### What the exercise asks
Output the listing verbatim, leaving out every picture.
____ Supplied data
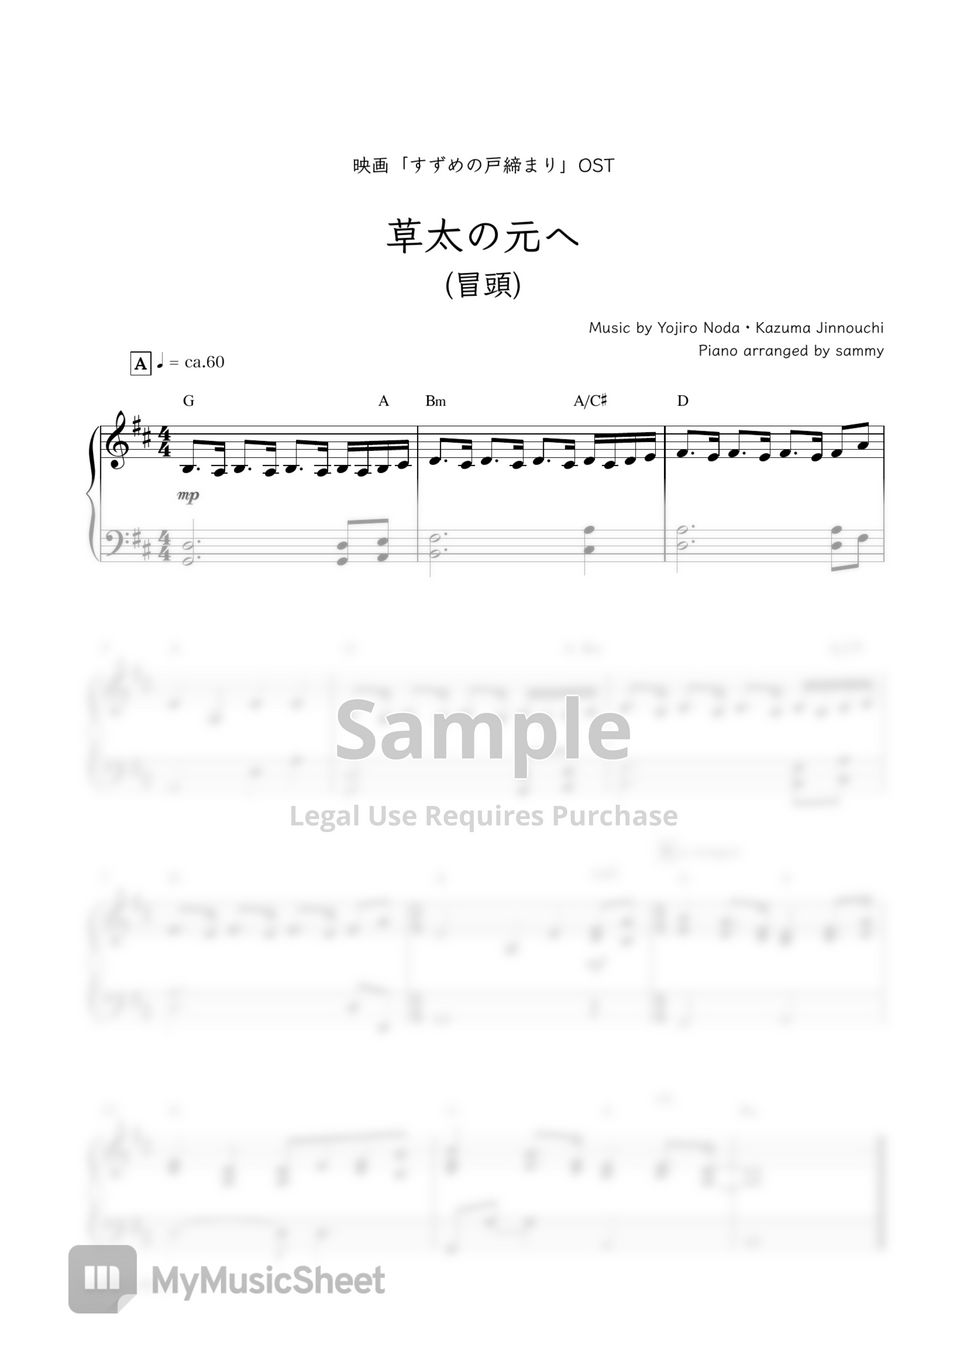 电影《铃芽户缔/铃芽之旅 (すずめの戸締まり)》OST - To be with Sota [short ver.] (草太の元へ) by sammy
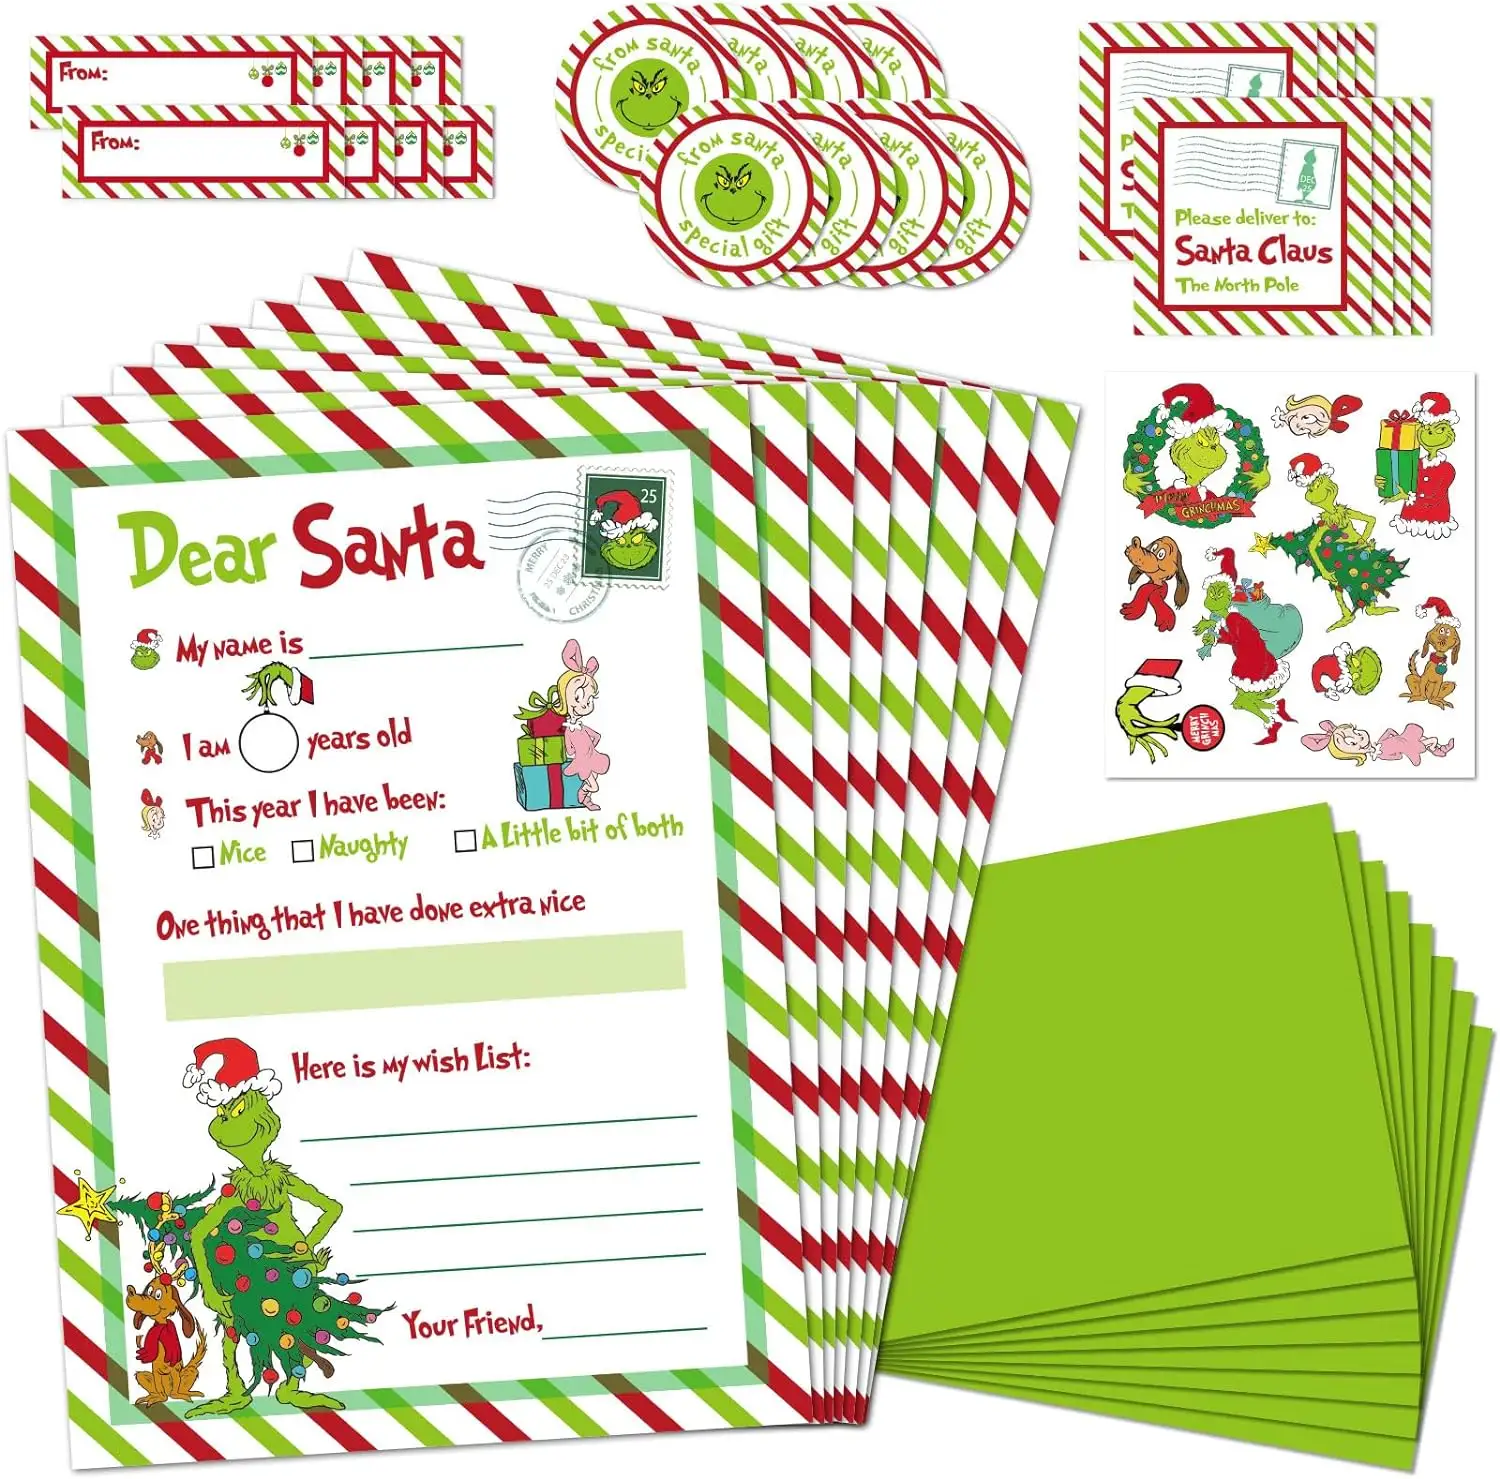 Thư cho Santa kit, Bộ thư Santa chính thức cho Giáng sinh điền vào các thẻ trống với phong bì/nhãn dán màu xanh lá cây
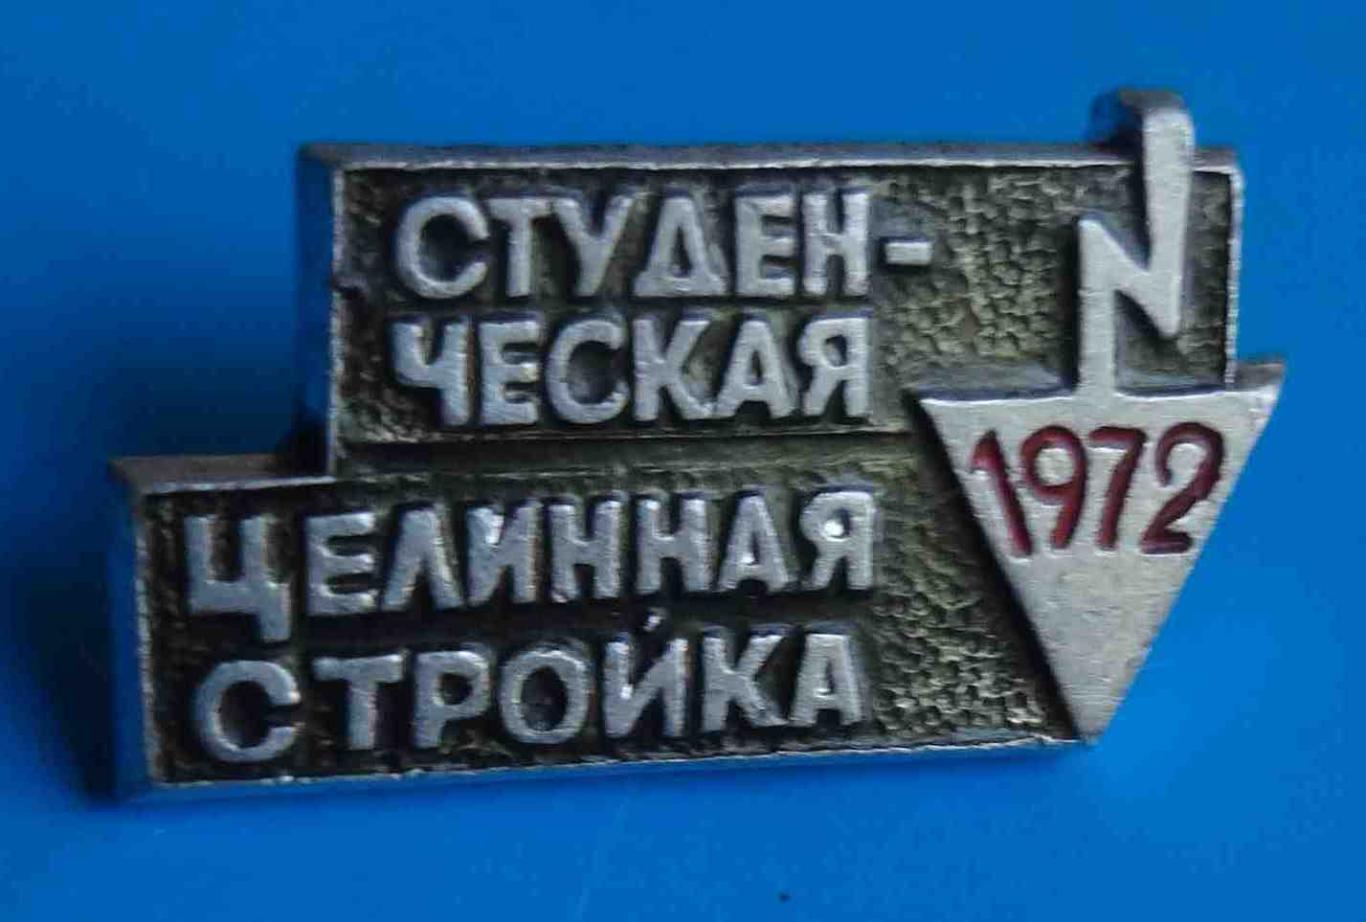 Студенческая целинная стройка 1972 ССО ВЛКСМ 2
________
### Exercise answer
 电影《铃芽户缔/铃芽之旅 (すずめの戸締まり)》OST - To be with Sota [short ver.] (草太の元へ) by sammy
 Thư cho Santa kit, Bộ thư Santa chính thức cho Giáng sinh điền vào các thẻ trống với phong bì/nhãn dán màu xanh lá cây
 Студенческая целинная стройка 1972 ССО ВЛКСМ 2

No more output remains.